Now take your other lever and slide it along the edge of the rim to unseat the tire. Once it’s off all the way around, just lift the tire off the wheel, save the tube, and toss that old rubber into the recycling.
Since you’ve got it out, this is a great time to check your tube as well. If it’s mostly patches at this point, or you’ve got a new one and want to keep your tubes and tires matched for “newness”, now’s the time to make the switch. I usually use this opportunity to pop a new tube in there and turn my old tube into my road-spare for flat fixes on a ride. It’s pretty much personal preference; I just like knowing I won’t be popping the new tire off anytime soon because my tube died of old age.
Install New Tire
Once you’re happy with your tube, let’s get our new tire mounted! Put a little bit of air in the tube (just enough to give it some shape), and slide it into your new tire.
Next seat one side of the tire all the way around the rim.

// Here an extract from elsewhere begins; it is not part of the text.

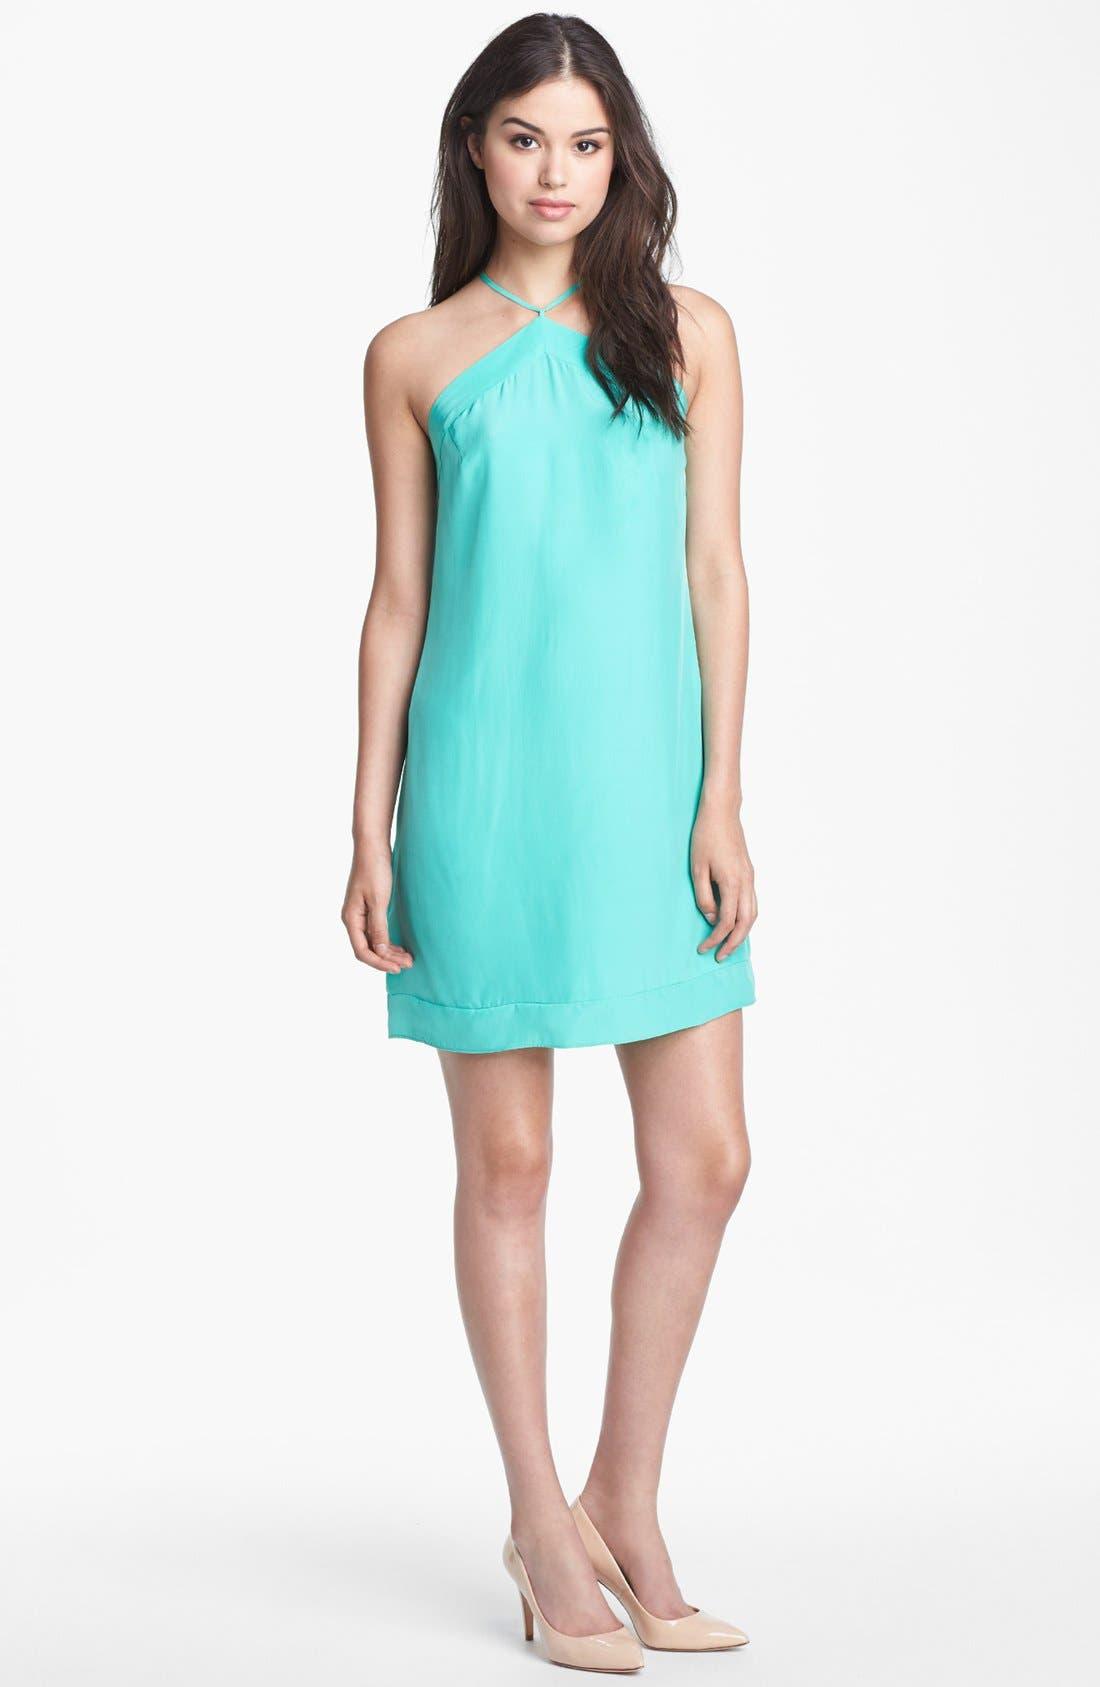 ALICE & TRIXIE 'Silvie' Silk Dress, Main, color, 330

Lastly, we’ll seat the opposite side of the bead by working the tire back and forth over the rim with some hard thumb/palm pressure and a hefty bit of wiggling.
You can also use tire levers for this step, but be really careful not to pinch the tube between the tire and the rim. Tire levers make that fairly easy to do, and it’ll usually tear your tube when you go to inflate it meaning you have to repeat the whole process again. Just take it easy and make sure the tube’s all tucked away as you run the lever around the edge of the rim, reversing the process we used for removal.
Now pop some air in there and you’re good to go! Fresh tube, fresh tire, and thousands of miles of possibilities; have a great ride!